ISS Recommends Approval of New Gold-Coeur Plan with 0.4959 Share Exchange
ISS recommended that New Gold shareholders vote FOR the arrangement under which they will receive 0.4959 Coeur shares per New Gold share. A special meeting on January 27, 2026, will seek approval for a merger giving New Gold shareholders a 38% stake in the combined company.
1. ISS Recommends Shareholders Vote FOR Plan of Arrangement with Coeur Mining
Institutional Shareholder Services Inc. (ISS), a leading independent proxy advisory firm, has formally recommended that New Gold shareholders vote "FOR" the proposed plan of arrangement under the Business Corporations Act (British Columbia). ISS cited the strategic merits of the transaction, highlighting expected operational synergies, a stronger combined balance sheet and improved liquidity. In its written assessment, ISS noted that the implied per-share consideration has risen since the unaffected date and found no indications that the valuation lacks credibility. This recommendation follows unanimous support from New Gold’s Board of Directors and applies equally to Coeur Mining shareholders, who have also been urged by ISS to back the arrangement.

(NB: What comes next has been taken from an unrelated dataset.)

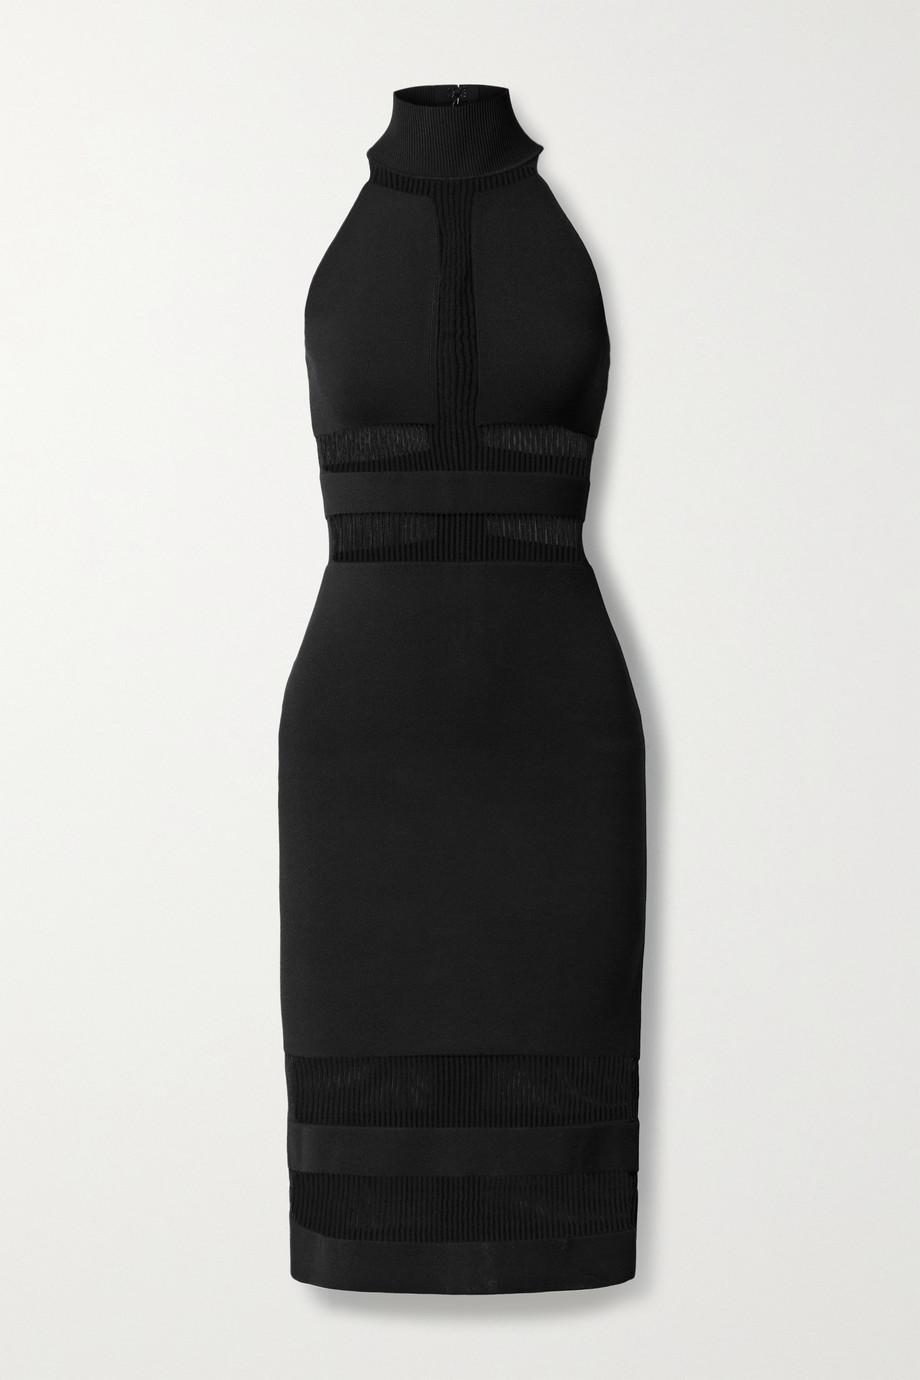 Hervé Léger + NET SUSTAIN + Julia Restoin Roitfeld recycled stretch-jersey and ribbed-knit dress

2. Transaction Terms and Shareholder Ownership Post-Closing
Under the terms of the transaction, each New Gold shareholder will receive 0.4959 shares of Coeur common stock for every New Gold share held. Upon completion, existing Coeur shareholders will own approximately 62% of the combined entity, while former New Gold shareholders will hold the remaining 38%. This share exchange ratio reflects a premium to New Gold’s unaffected trading levels and positions the combined company to benefit from scale efficiencies across its copper-gold and gold operations. The special meeting to approve the arrangement is scheduled for January 27, 2026, with proxy voting deadlines set for January 23, 2026. Shareholders have multiple avenues to cast their votes, including in-person attendance in Toronto or via live webcast, ensuring broad participation.